My original response was to someone questioning, at least indirectly, the classification of consciousness as matter. Is there a dualism? How does consciousness fit in the schema of unconscious matter ? and so on. My reaction was to say that materialism is not a substance claim anymore. In that sense, I meant that it doesn’t mean anything - and matierials/physicalists should probably come up with another name. Otherwise if it is taken as a substance claim, which many people identifying as materialists/physicalist think it does, then conclusions are often drawn about, for example, the nature of anything new will be. What it’s qualities will be if it is real and so on. So my reaction to the OP is to say that we don’t have try to make, for example, consciousness work as matter, at least in any of the old senses of that word. We may well discover things that behave or exist in ways or have qualities that we don’t associate with matter, yet.

I think it would be better to change the name to reflect it no longer be a substance claim. Further, if you look up the definition in many places, including philosophical dictionaries it will include the substance claim.

In any case, all the points you make are good ones, I think if they were known, for example to the OP writer, then that person would probably frame the question differently.

None of which is me saying dualism or pluralism is the case and even the older version of Materialism is wrong.

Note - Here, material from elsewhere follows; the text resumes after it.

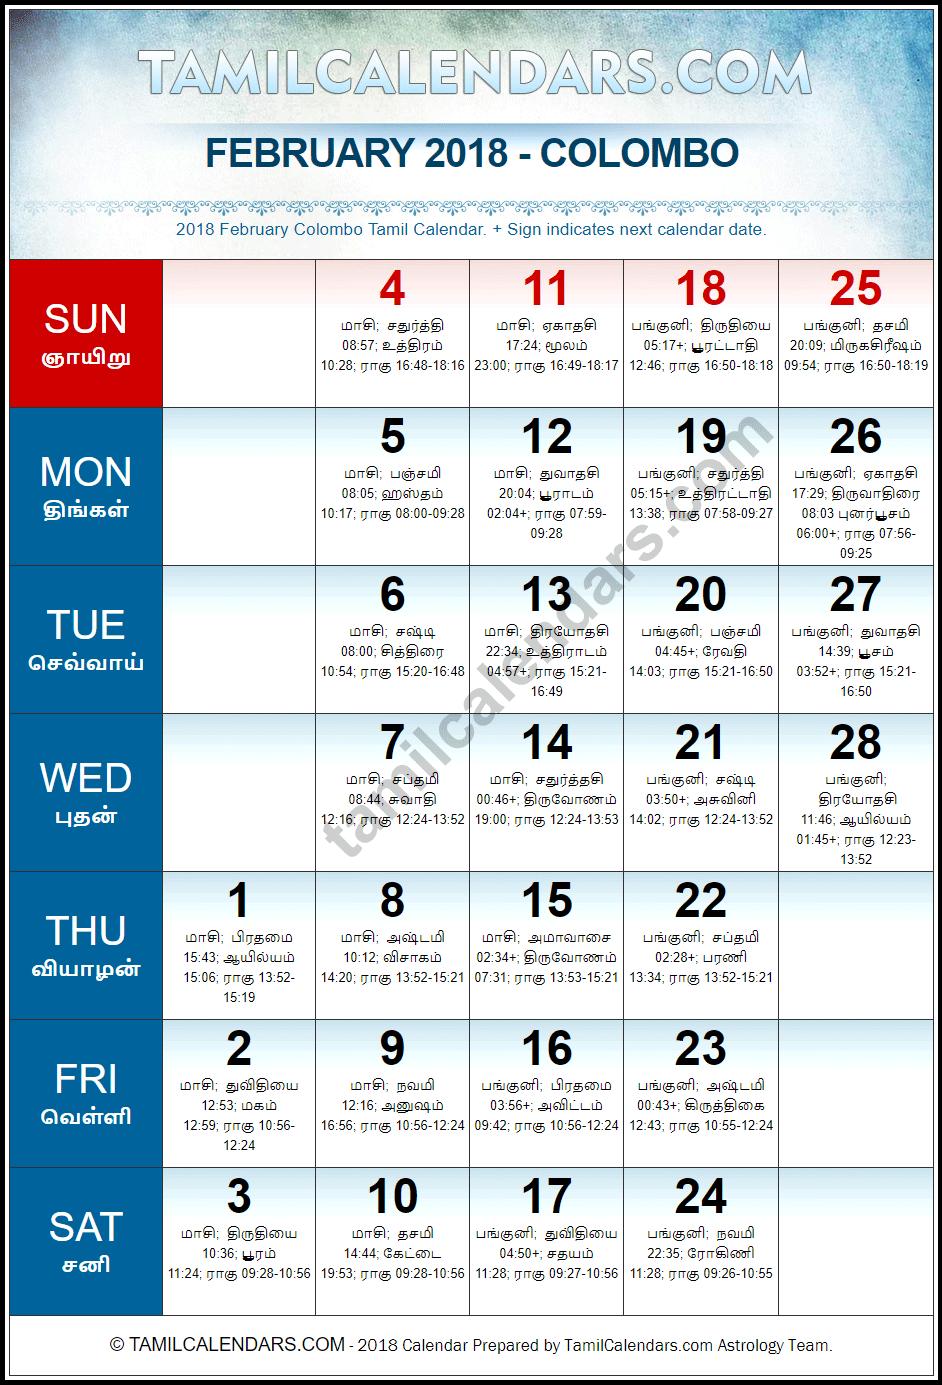 February 2018 Sri Lanka Tamil Calendar | Download USA Tamil ...

I’m a pragmatist. I’m happy to think everything is matter/physical sometimes, since that can be useful.

I didn’t think that materialism had to be a deterministic. Though tell that to some people who identify as physicalists/materialists. Which again does not mean that I think there is free will or not.

I don’t think they should do so.
I’m not sure what you mean by “substance claim”—“substantive claim”?
Anyway, materialism/physicalism does mean something, being anything but vacuous.
Materialists don’t say that consciousness is matter or a material substance, but that it’s a state of matter or material substances, with conscious states being caused or constituted by neural states of brains.